Give the data again in full, without pictures.
[[ Stored data, beginning ]]
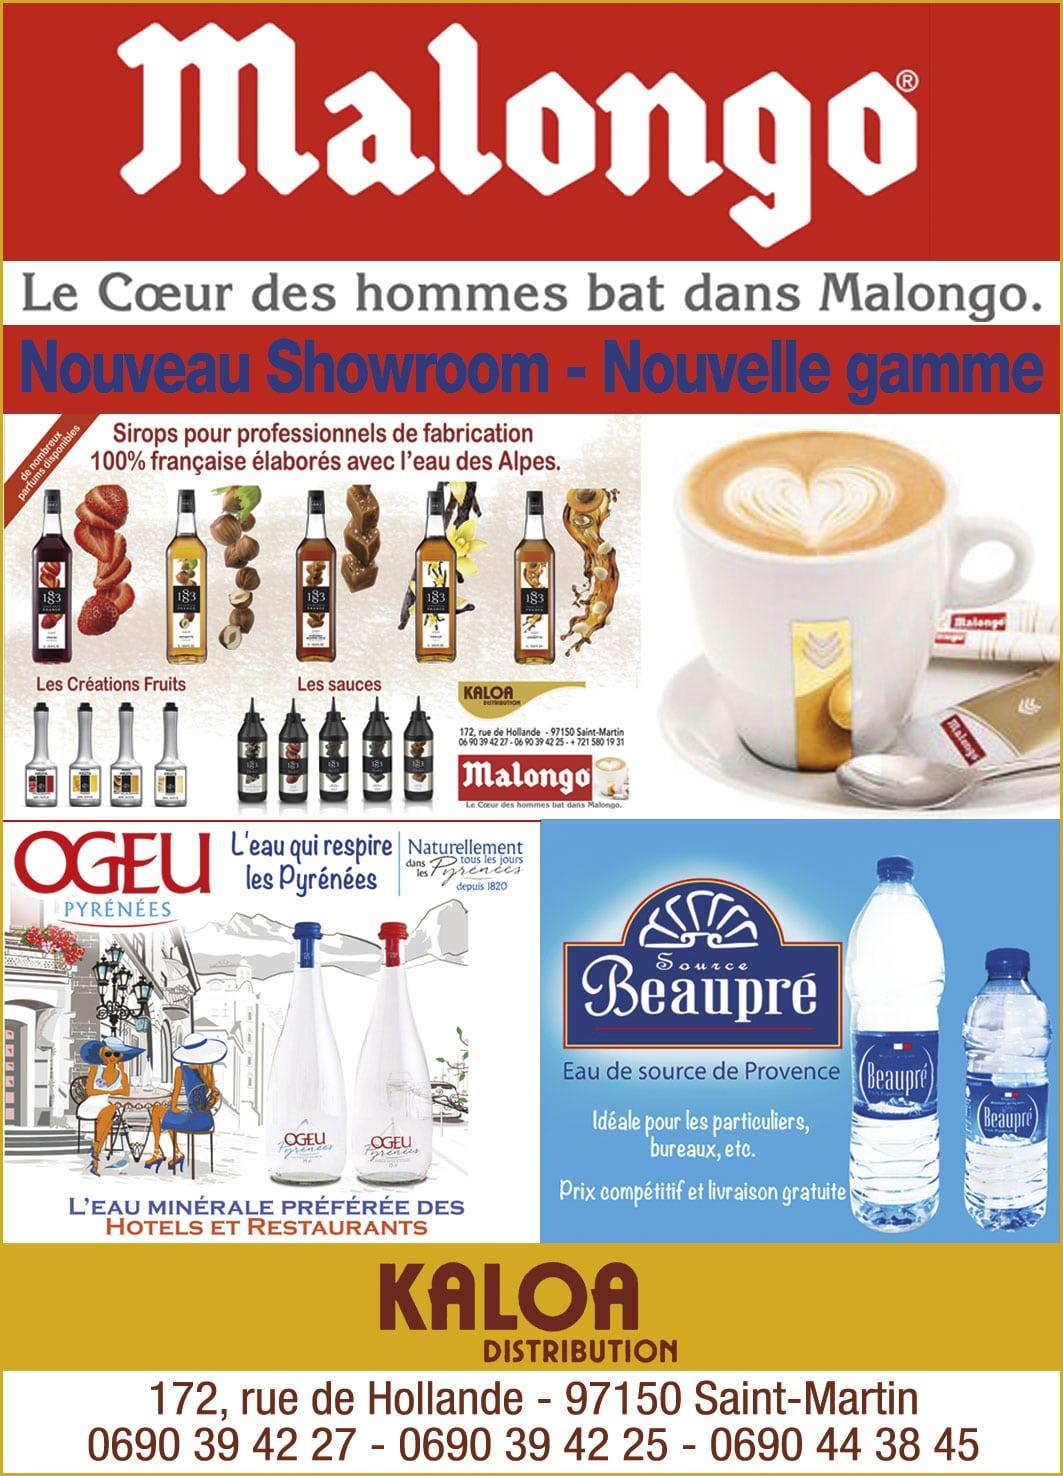 Annuaire Téléphonique St Martin - Malongo
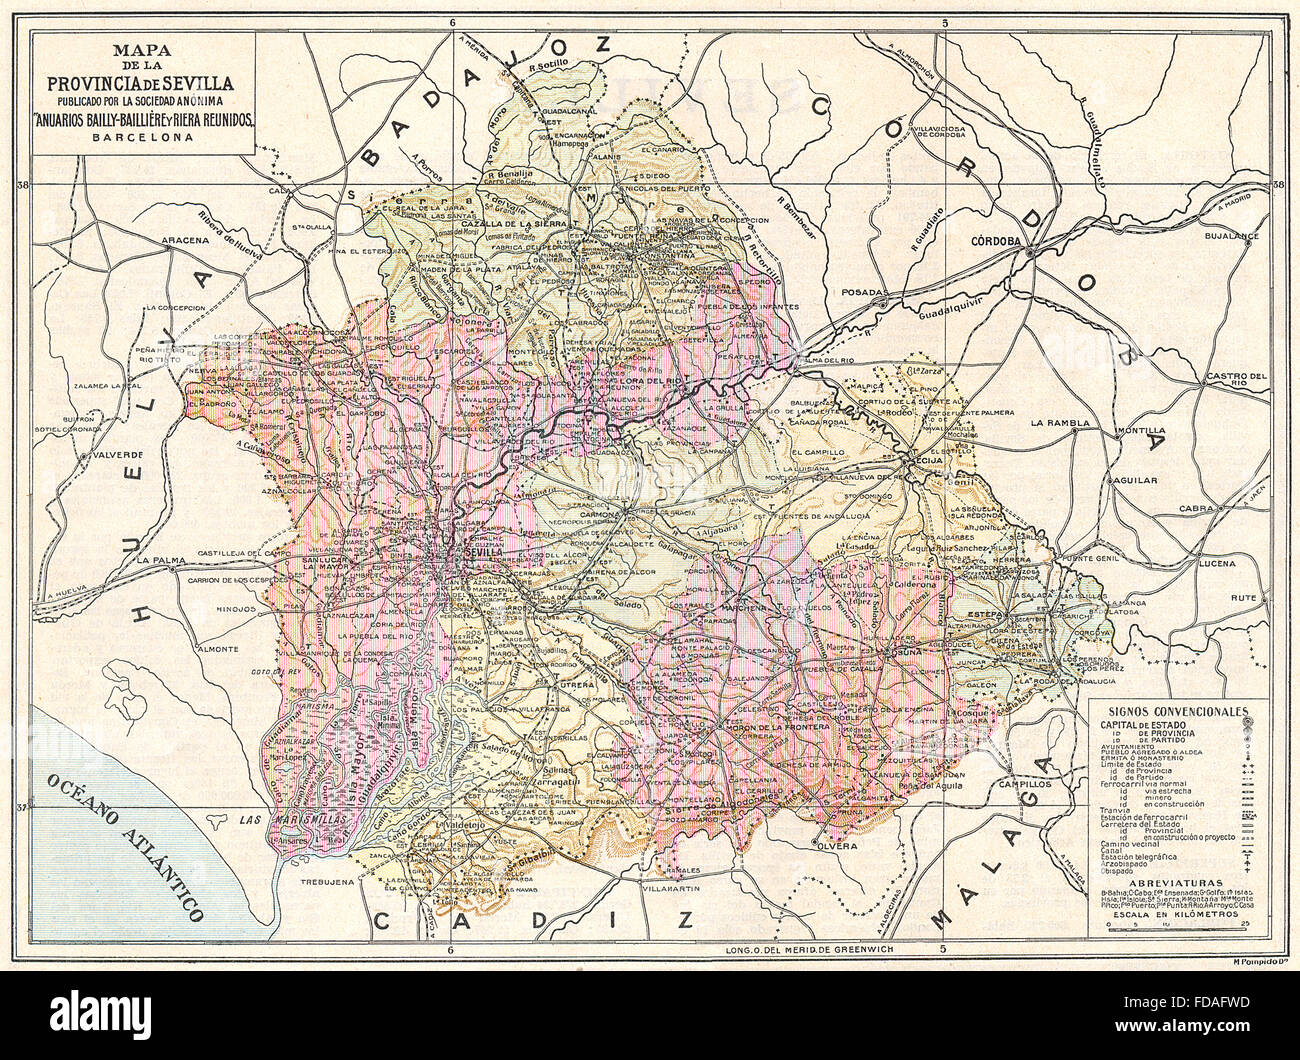 Provincia De Sevilla Mapa.Spain Mapa De La Provincia De Sevilla 1913 Stock Photo
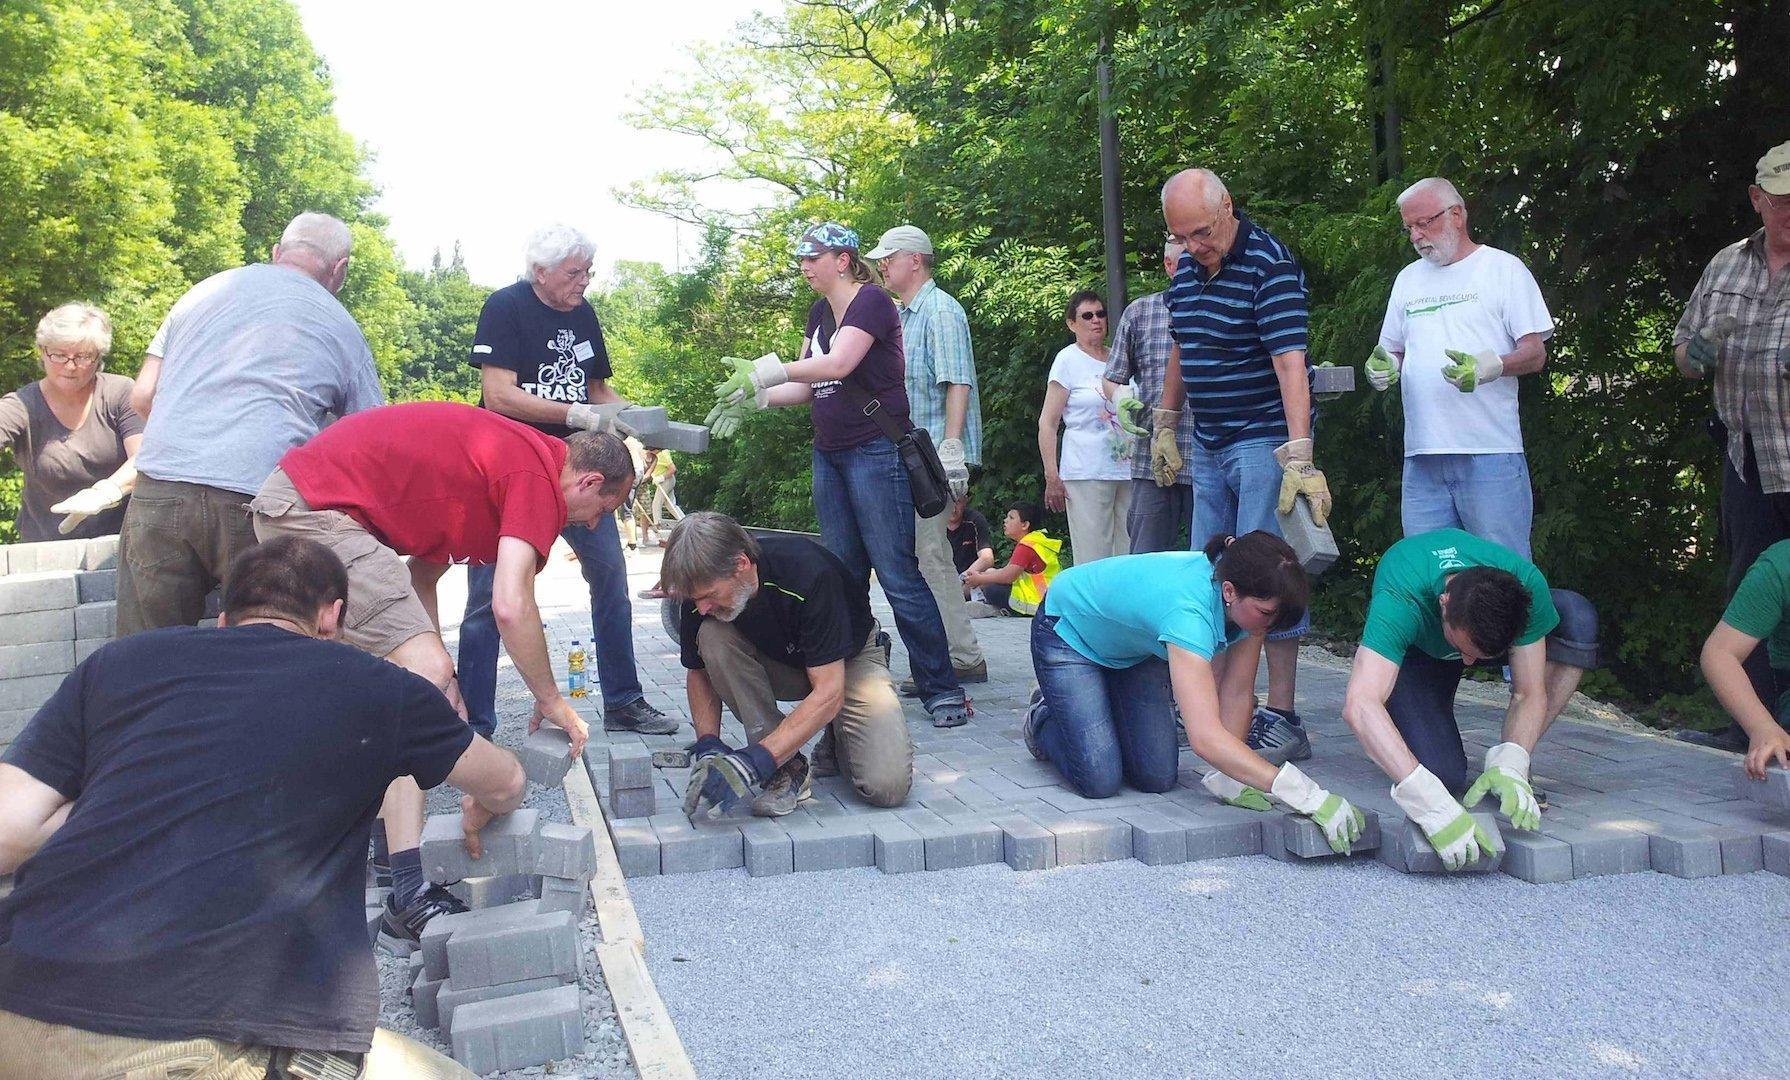 Eine Gruppe von mittelalten bis alten Menschen pflastern gemeinsam einen Weg.
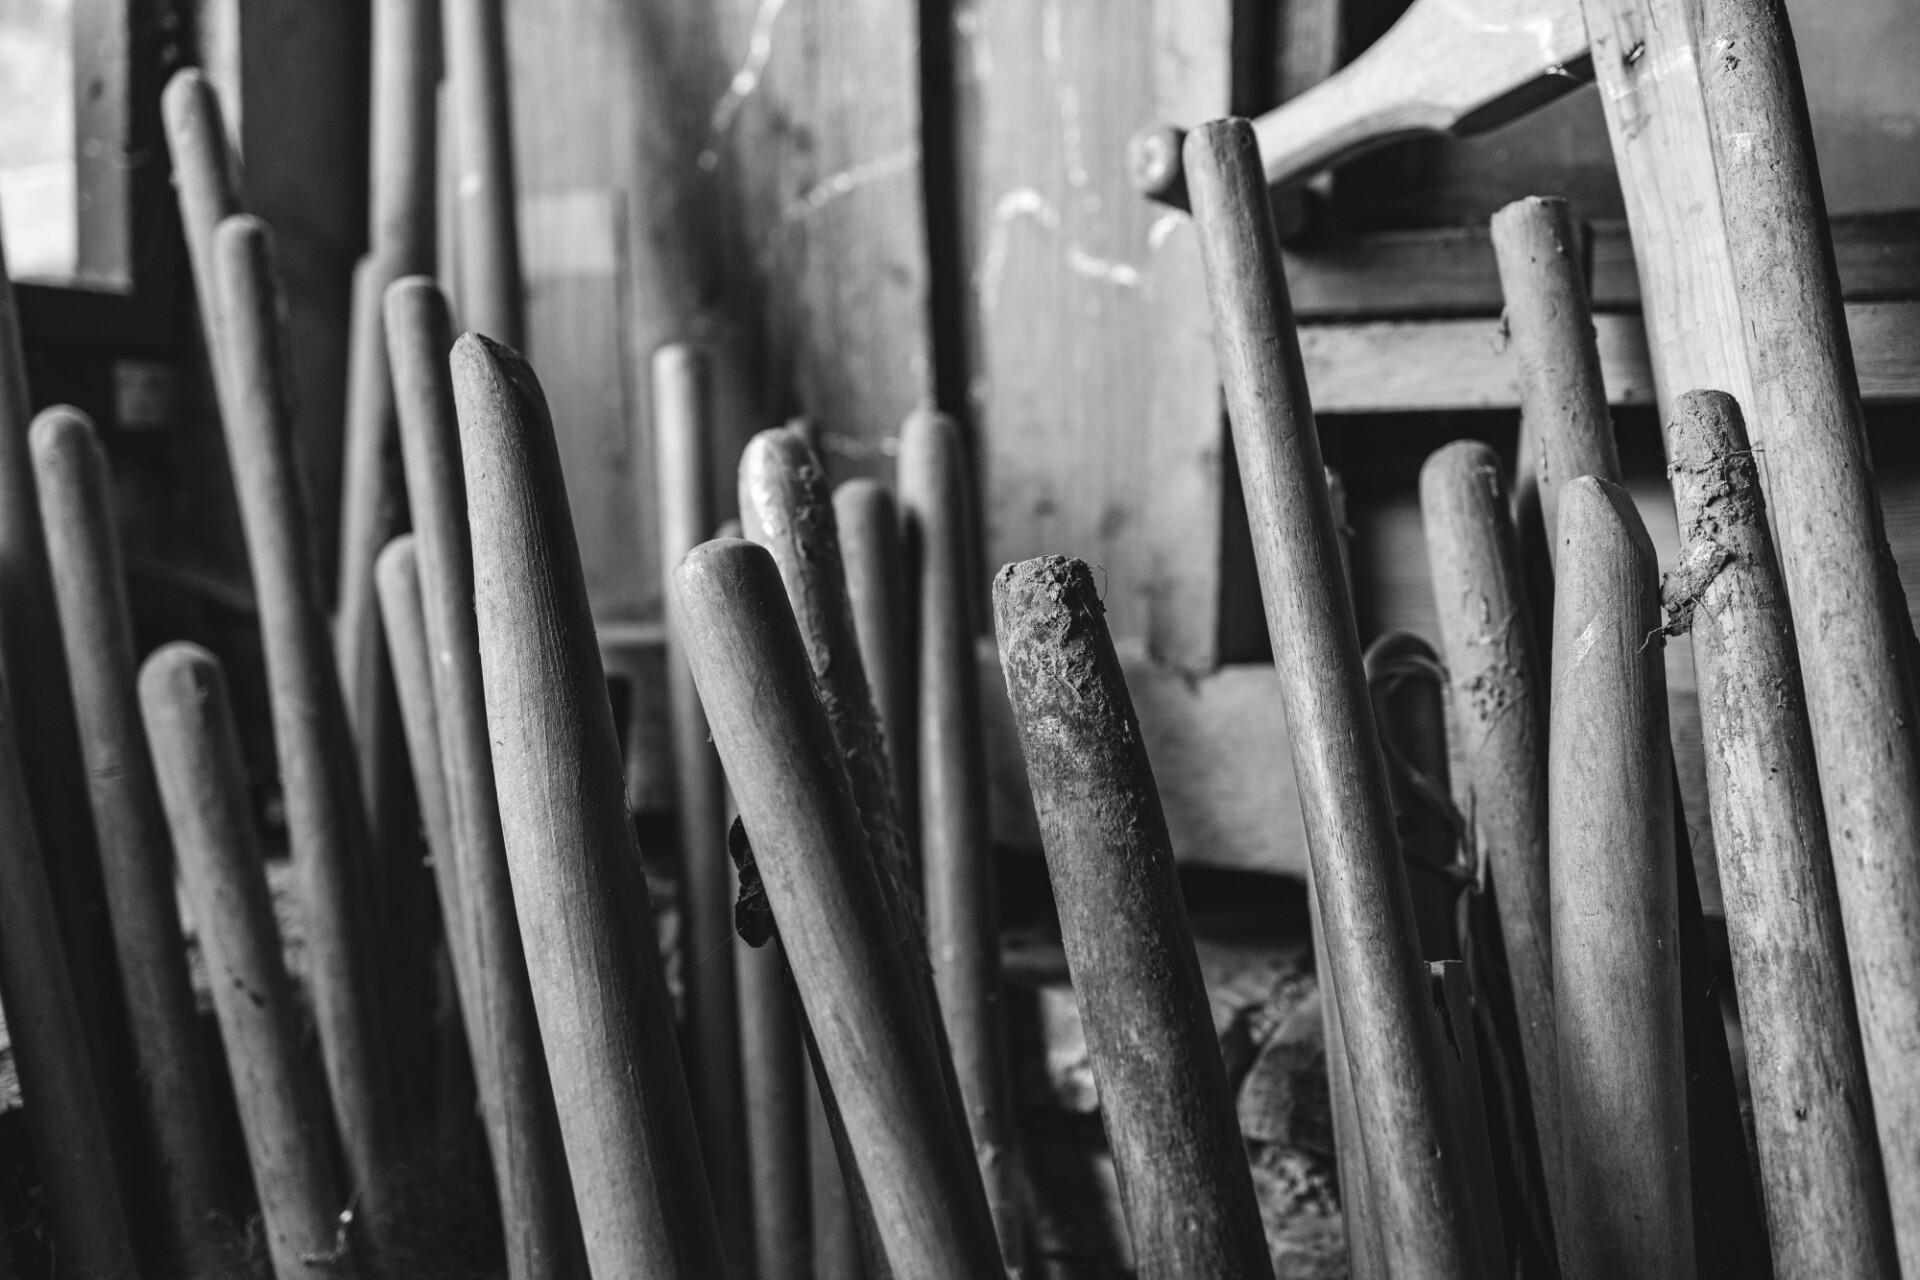 Old broomsticks
[[ Stored data, end ]]
- **Output of the exercise**
 Annuaire Téléphonique St Martin - Malongo
 Provincia De Sevilla Mapa.Spain Mapa De La Provincia De Sevilla 1913 Stock Photo
 Eine Gruppe von mittelalten bis alten Menschen pflastern gemeinsam einen Weg.
 Old broomsticks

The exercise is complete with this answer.